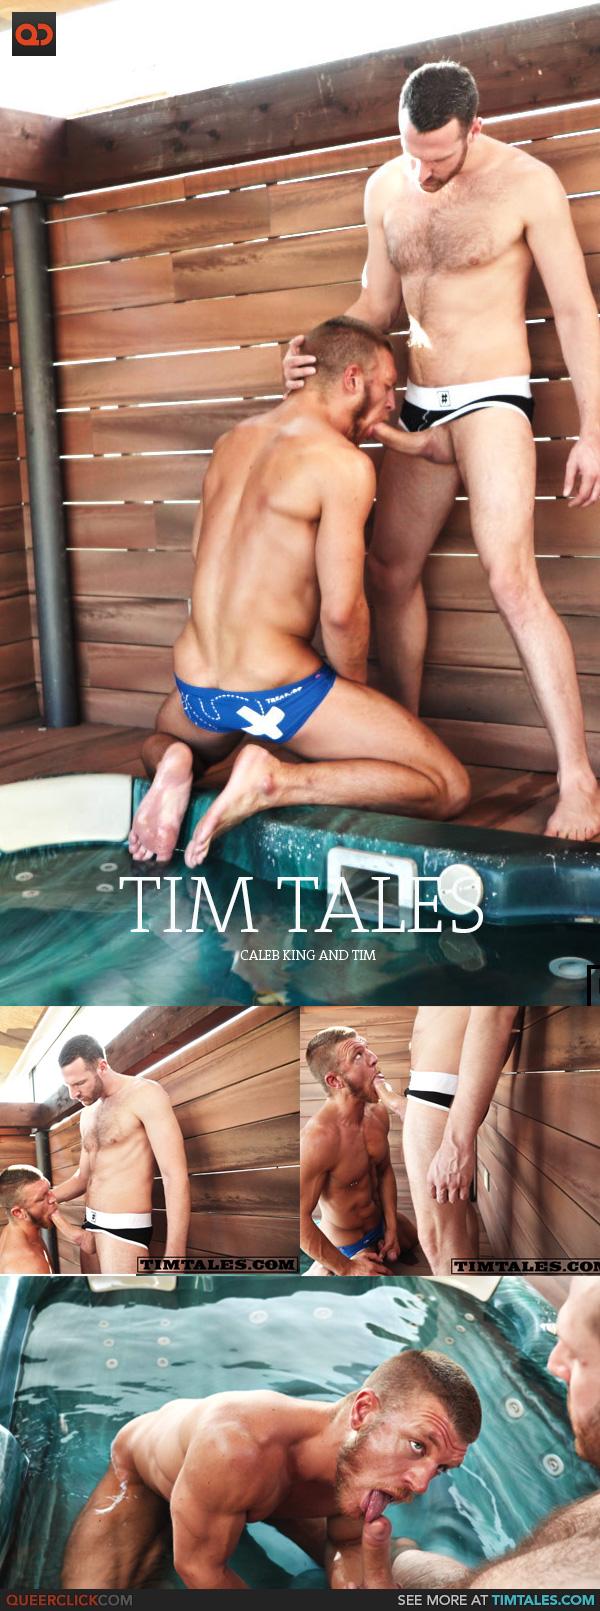 timtales-caleb-king
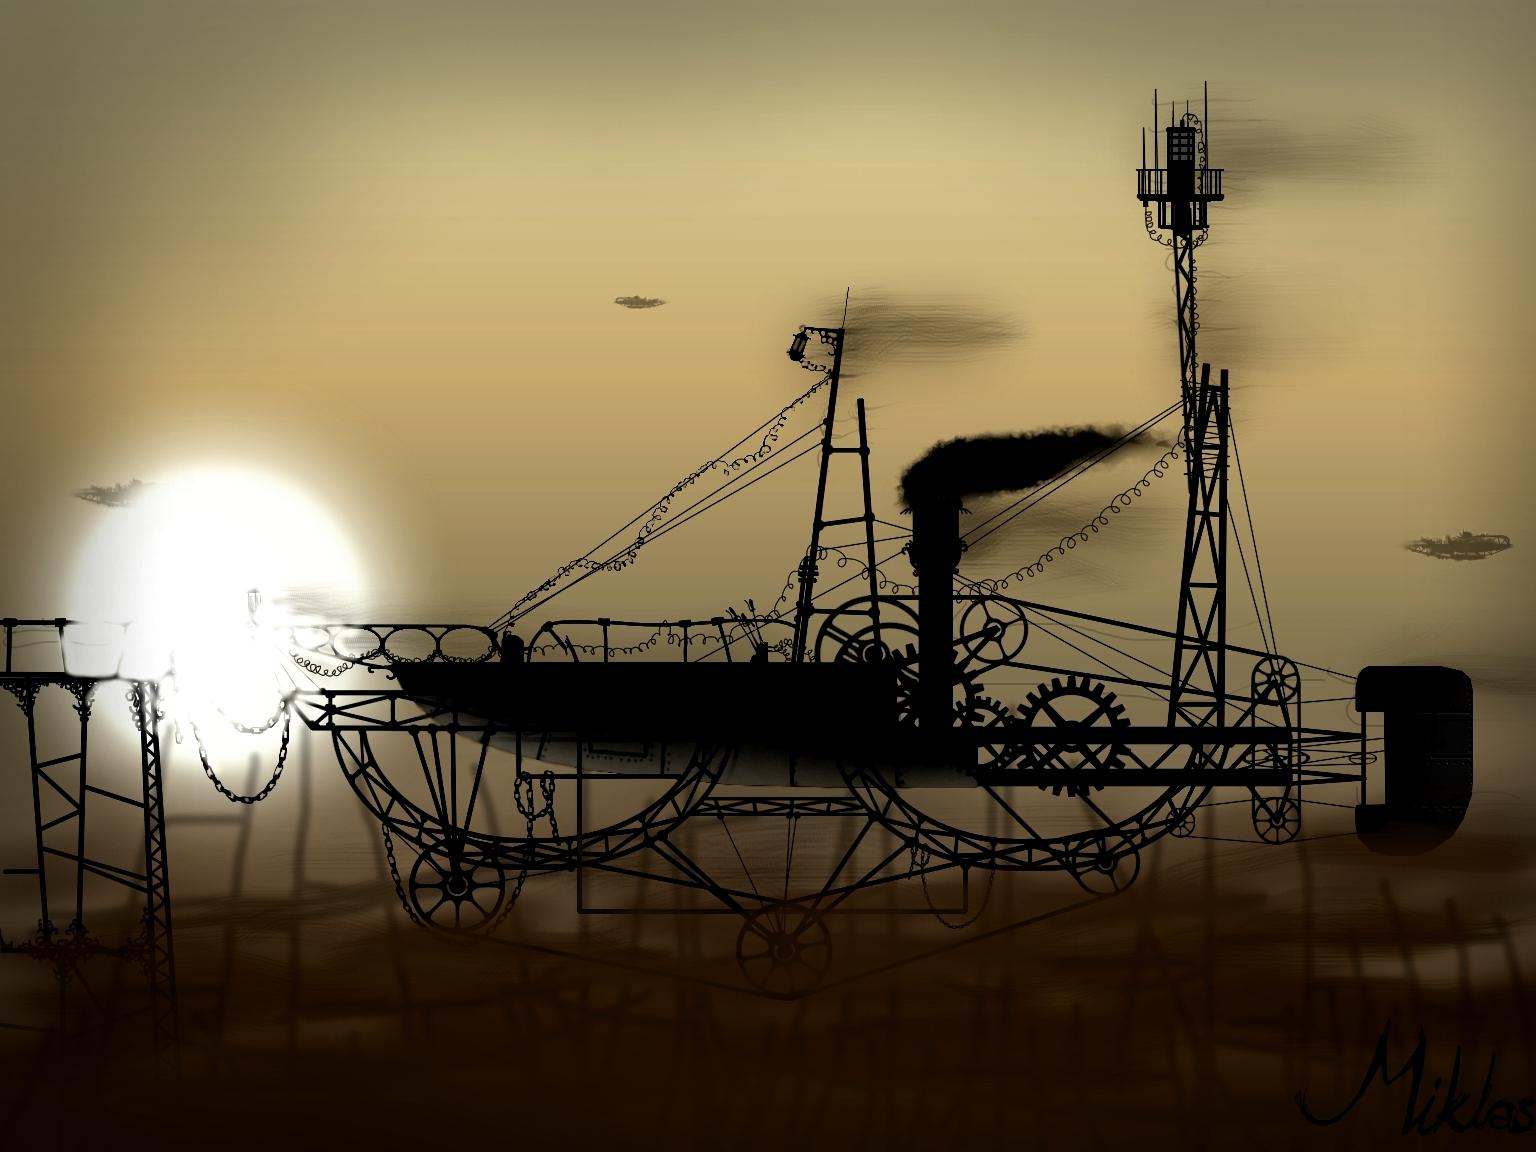 Steampunk airship by k miklas
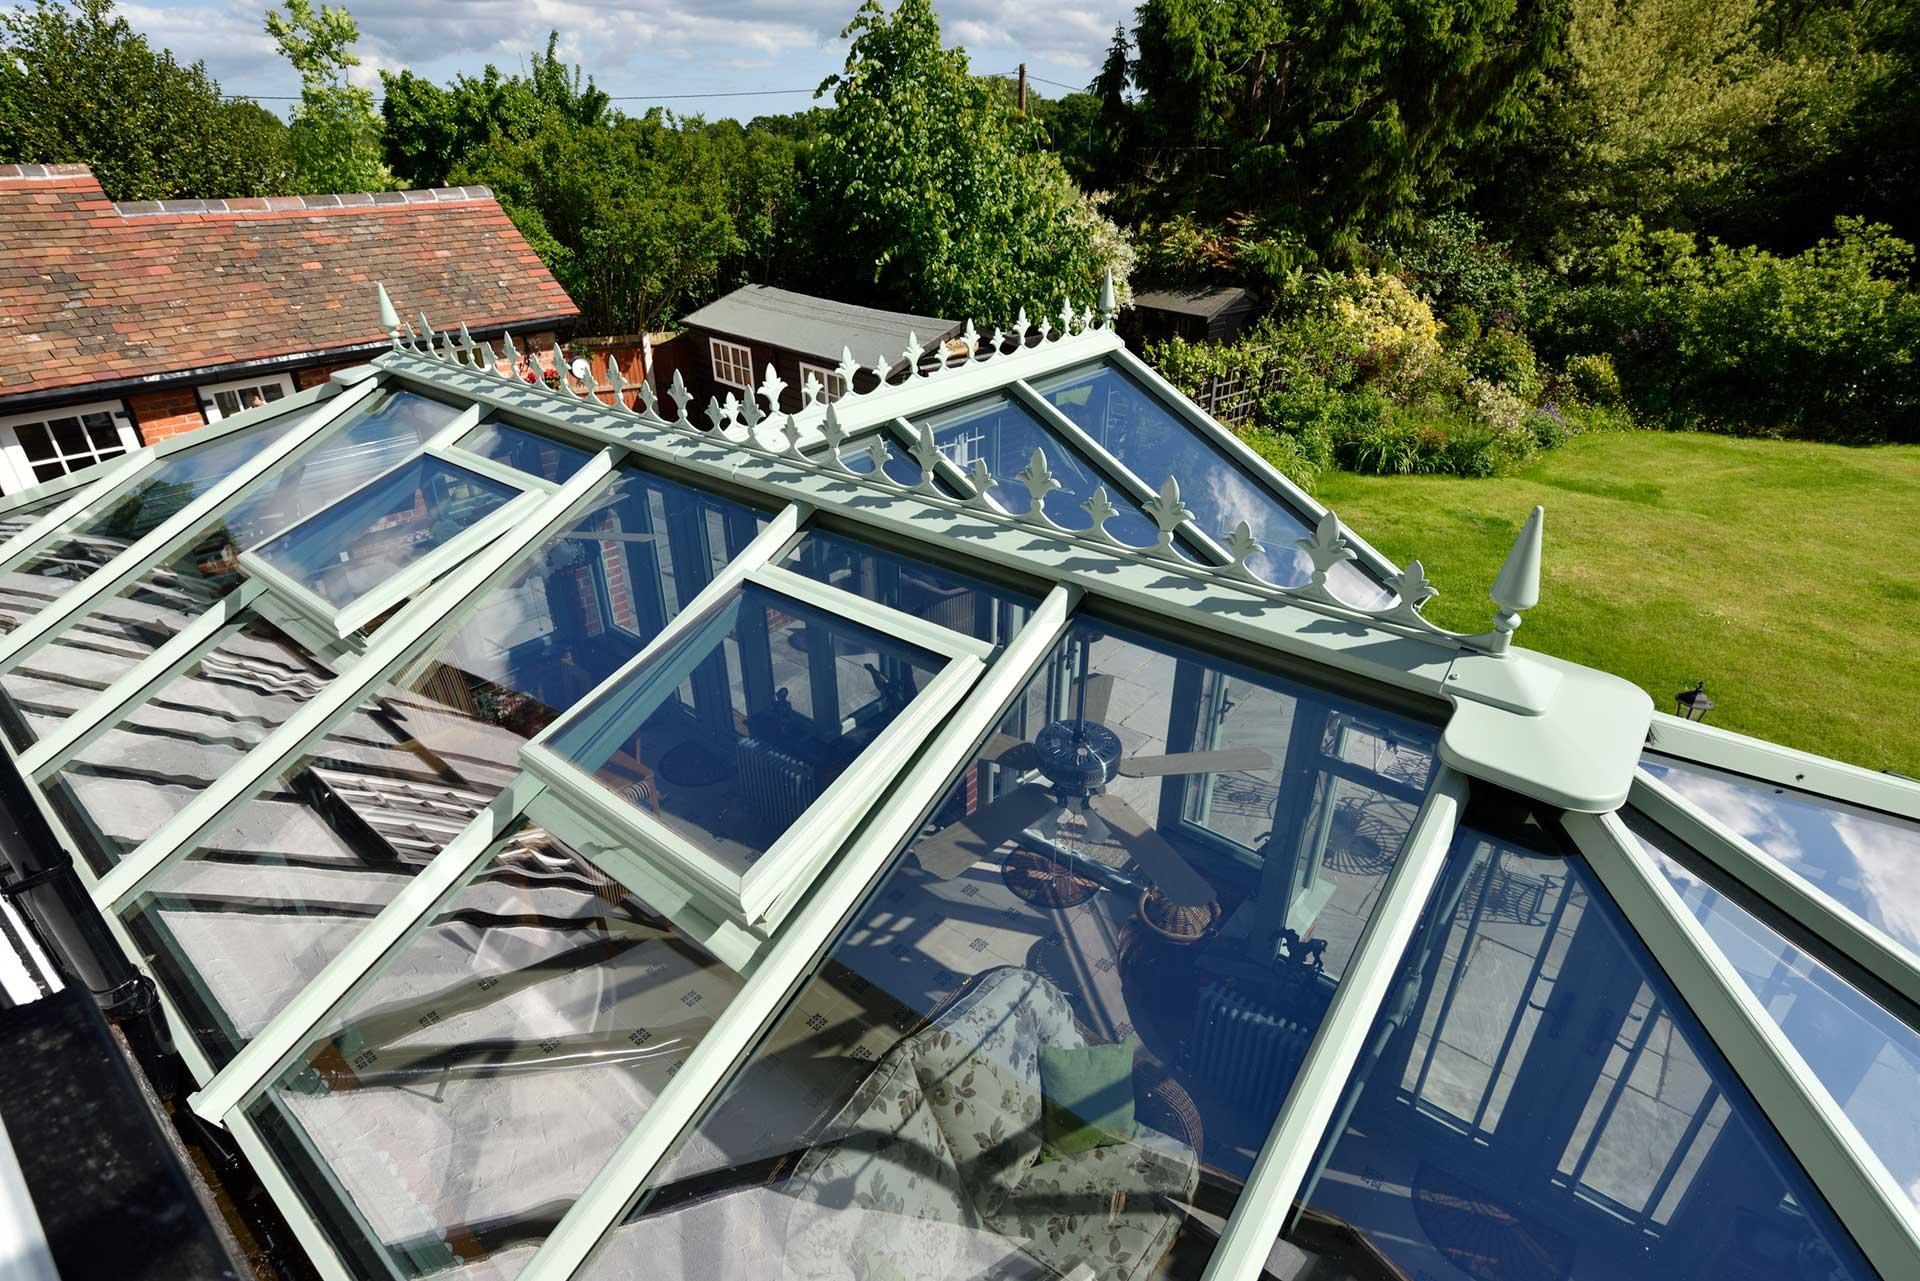 External Roof Vents

## Your task
What you output must match the data exactly, apart from the pictures, which are left out.

## Response below
 timtales-caleb-king
 Steampunk airship by k miklas
 External Roof Vents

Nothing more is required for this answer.